[tor-scaling] Nov 20 meeting recap: metrics analysis needed

Rob Jansen rob.g.jansen at nrl.navy.mil
Wed Jan 15 23:29:29 UTC 2020



> On Jan 13, 2020, at 9:23 PM, Mike Perry <mikeperry at torproject.org> wrote:
> 
>> 
>> - This graph shows just the data from a single OnionPerf source. If we
>> add multiple sources, it gets even more overloaded. But we can't really
>> mix numbers from different sources, as they have their very own
>> connection characteristics that would skew results.
>> 
>> Happy to make more graphs. It might help to see a sketch or longer
>> description of what you expect to see. Thanks!
> 
> Hrm, I am not a data visualization expert, but what is most important
> for us to understand is the nature of the variance of performance,
> including the length of the long tail.
> 
> From your above plots, it looks like the experiment primarily negatively
> impacted the long tail of perf, and maybe even 95-99% perf, but not
> average perf. But I agree, even this much is hard to tell due to the
> scale needed to display the full tail in CDF form. Perhaps this means a
> clip at like 5-10 seconds for all graphs, to keep the X axis the same
> length, and then some additional way to quantify the length and quantity
> of the tail beyond the clip.
> 
> Basically, we want to be able to see if 0-99% CDF slope became wider or
> got additional lumps, and we want to see if the 1% tail got longer or
> shorter (and ideally also check if it has similar membership and data
> points over time in terms of participant relays and time values, for
> bug-hunting analysis).
> 
> We should definitely play around with a few different graphing methods
> though, to compare various ways of capturing this info.
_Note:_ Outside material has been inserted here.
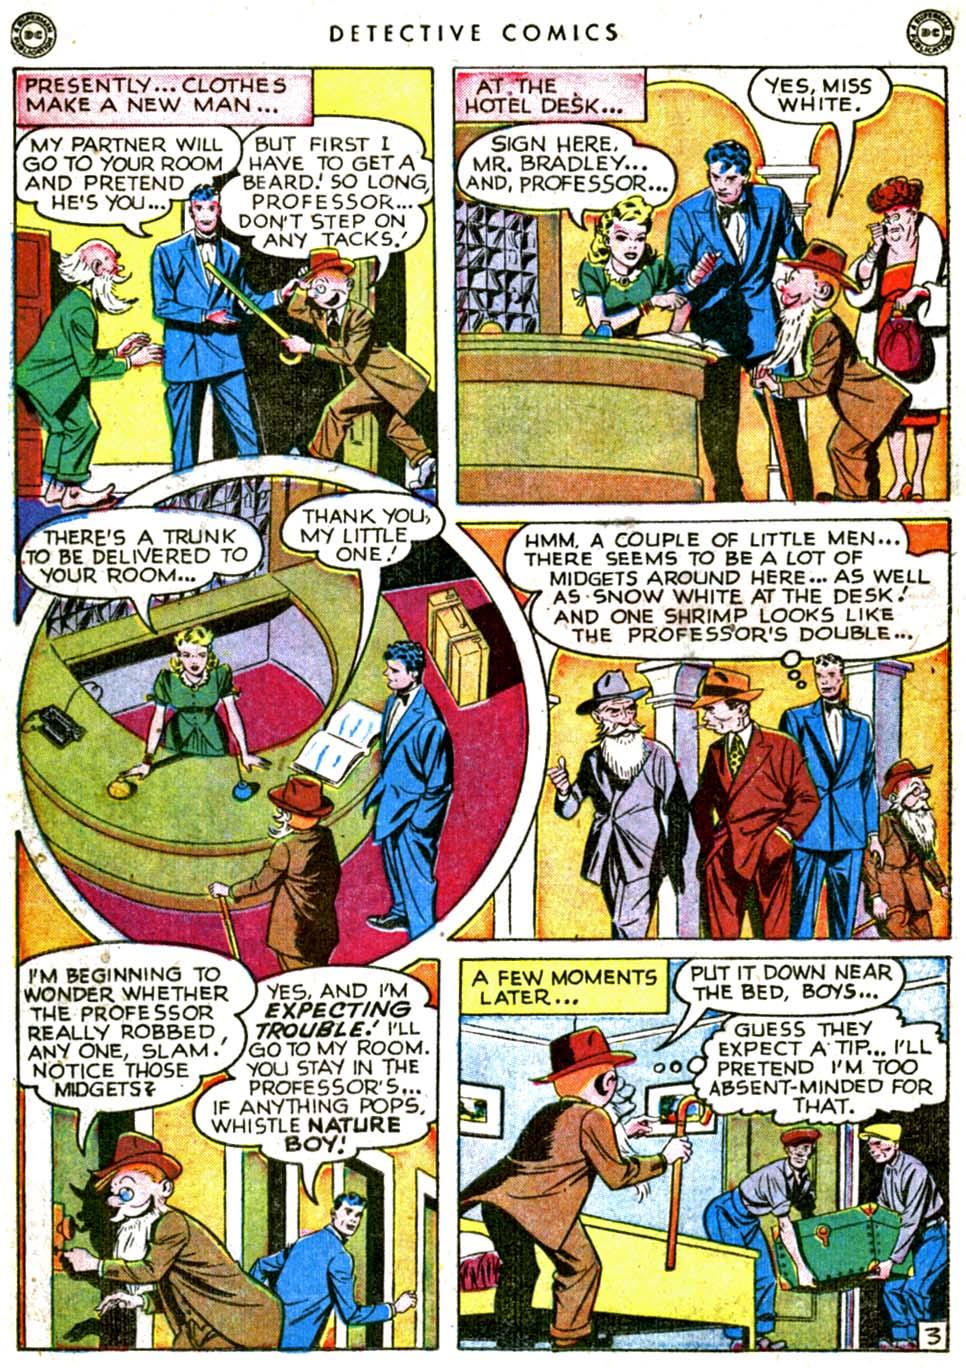 Read online Detective Comics (1937) comic -  Issue #144 - 26

I suggest that you abandon the CDFs, and use boxplots instead!

The y-axis can show the download time, and the x-axis can have one box per time period (moving to the right one spot means you move to the next time period and a new box). Each box encodes the CDF from that day, except as a boxplot that shows the 1st-3rd quartiles as the box, the error bars can extend from 0 - 99% percentiles, and you can add in the median and mean, and you could even show the outliers above the 99th percentile if you want.

The boxplots will allow you to get a sense of the range of the distribution, and also the skew.

I have not done these in R, but I've attached an example from python-matplotlib, which can also be found in Figure 5(c) in a recent paper:
https://www.robgjansen.com/publications/pointbreak-sec2019.pdf

(In my case I was varying the number of attack circuits in each box, but I hope you get the idea.)